**What you have to do**
Each line in the material below, starting at the one with "High-performance logistics Alathur" and ending at the one with "Kulturtasche in blau-weiß mit Reisverschluss", is to be reproduced exactly; no picture is to be copied.

**Records shown**
——

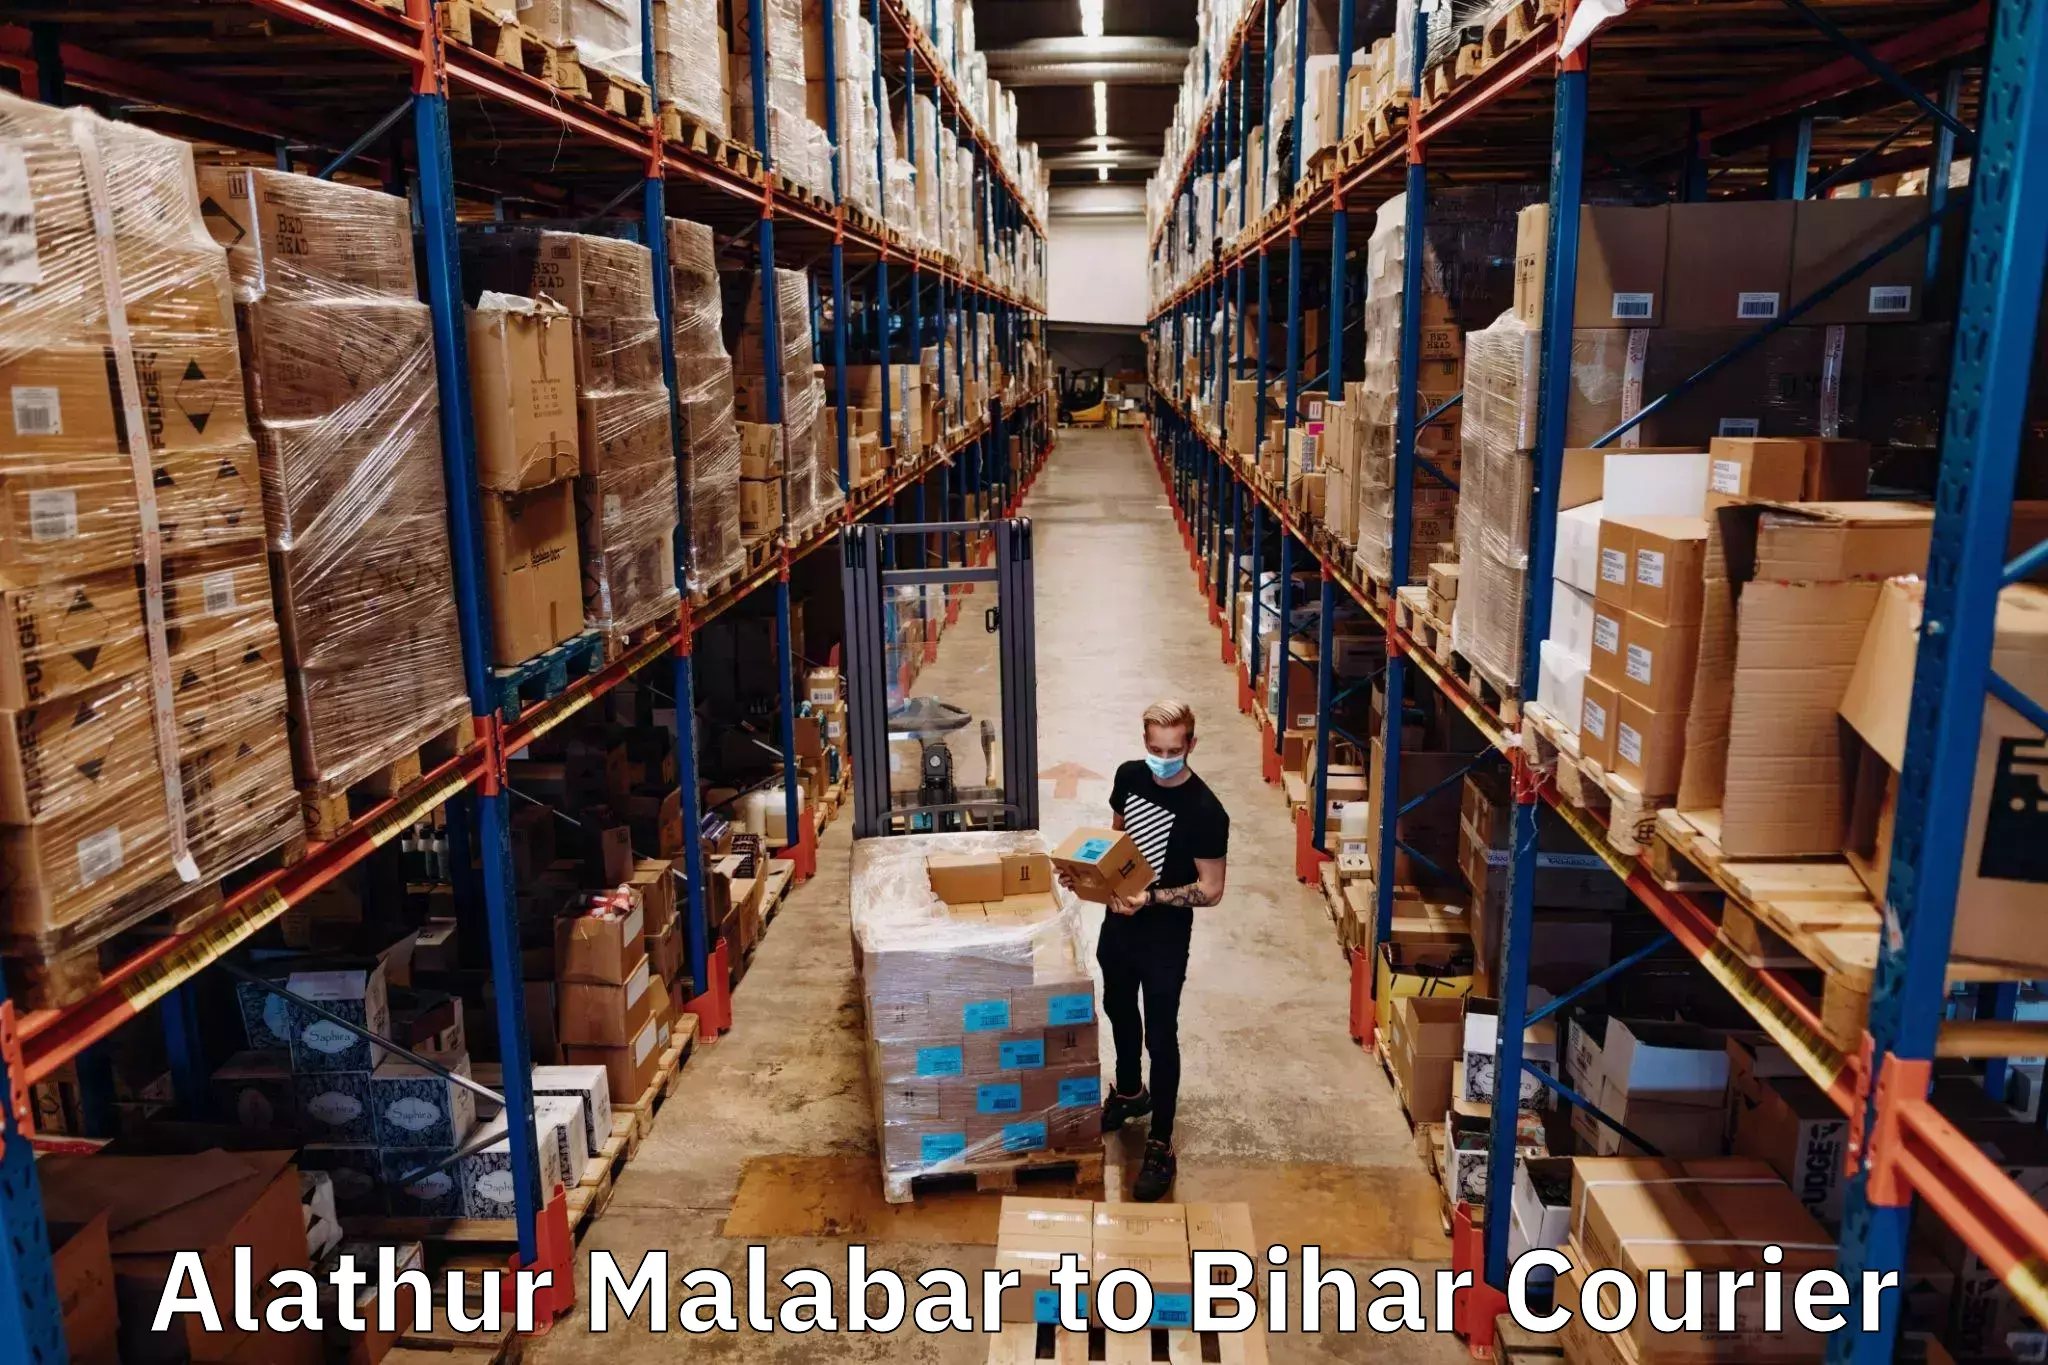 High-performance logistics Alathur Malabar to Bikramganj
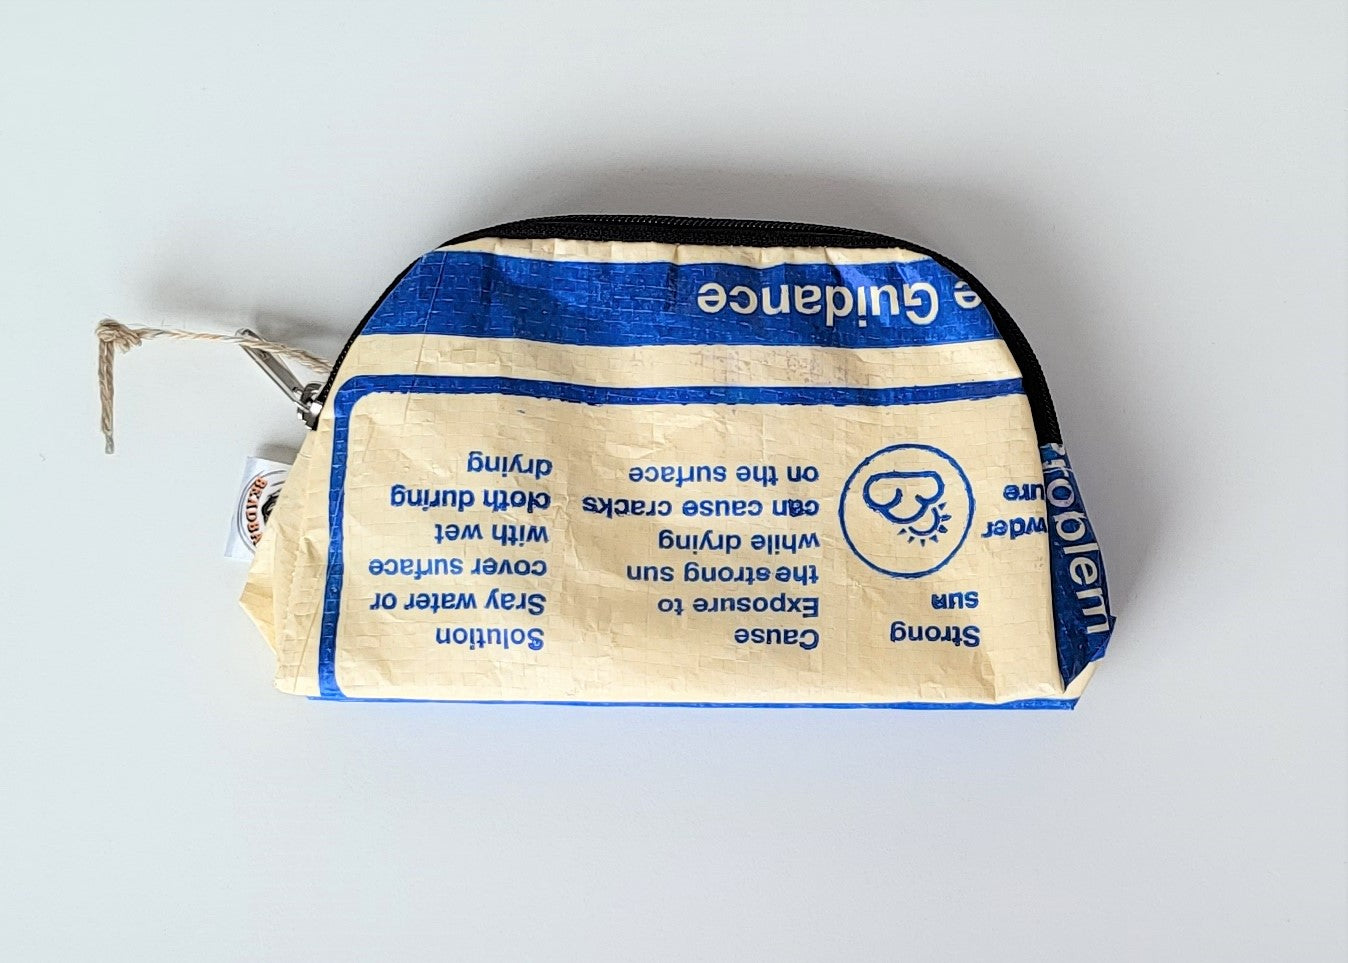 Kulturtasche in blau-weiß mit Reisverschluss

——

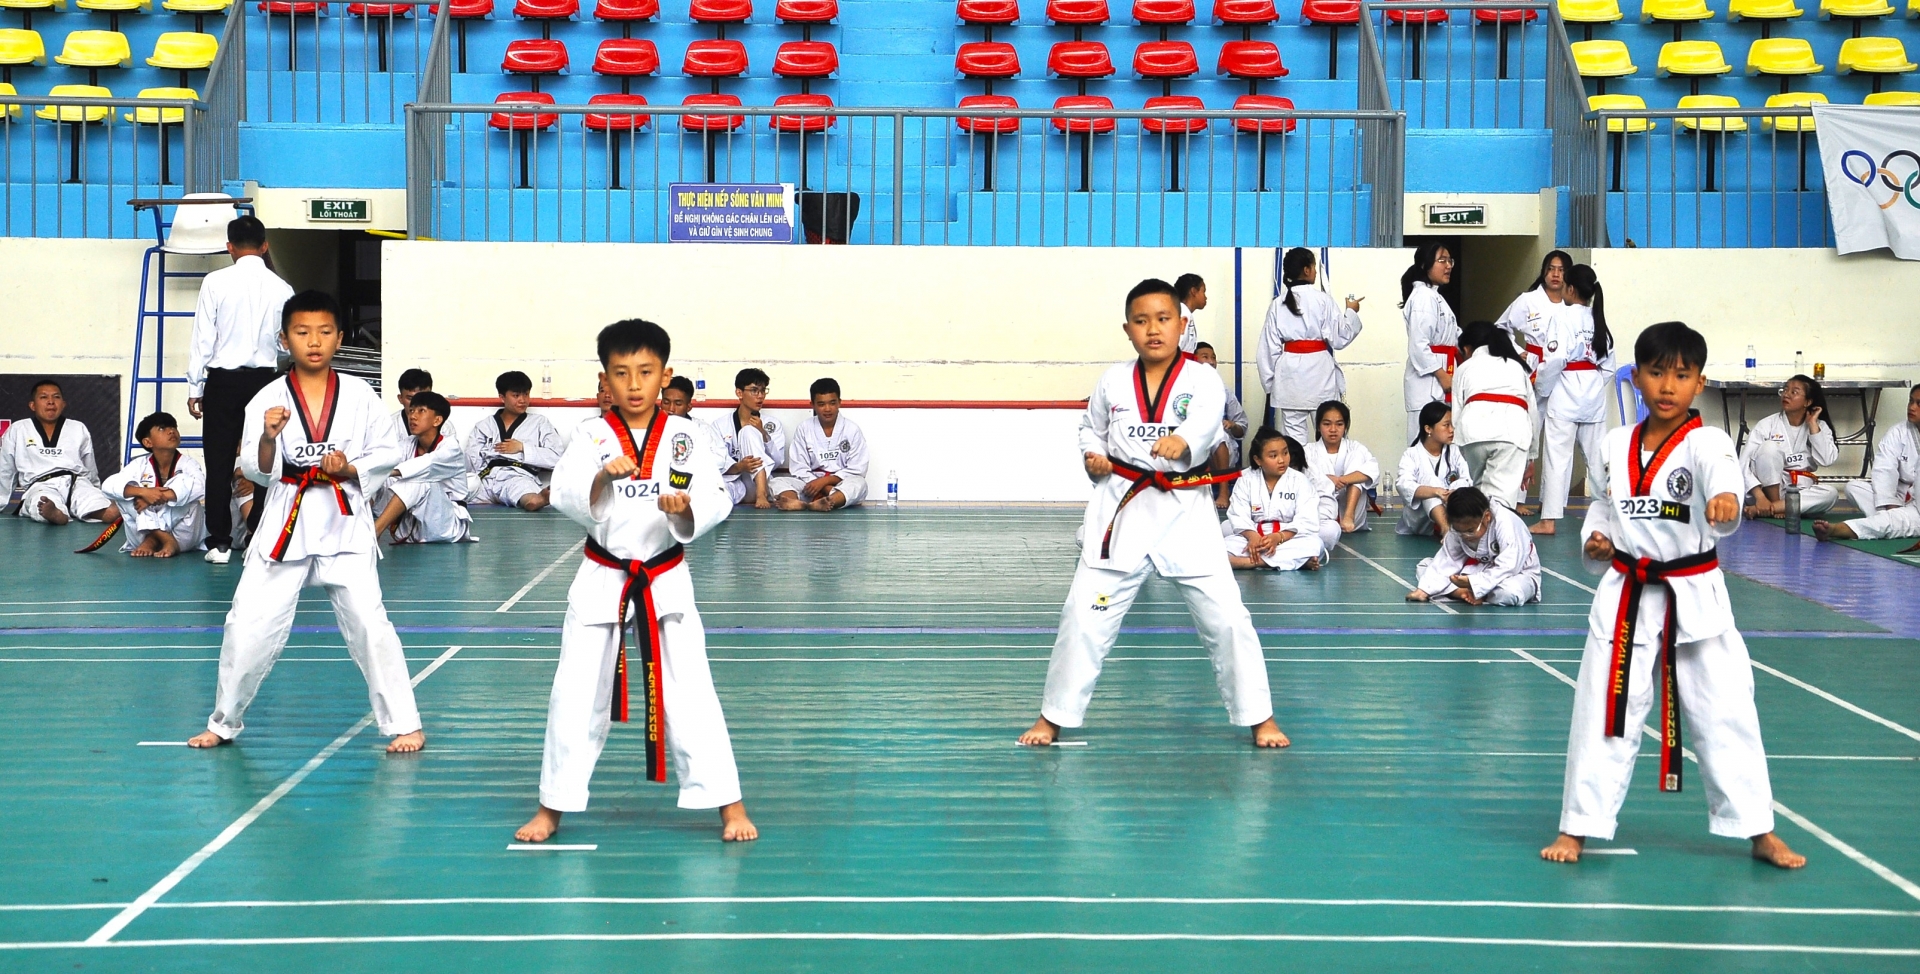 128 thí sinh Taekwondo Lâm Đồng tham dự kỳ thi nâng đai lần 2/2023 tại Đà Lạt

——

**Answer to this problem**
 High-performance logistics Alathur Malabar to Bikramganj
 Kulturtasche in blau-weiß mit Reisverschluss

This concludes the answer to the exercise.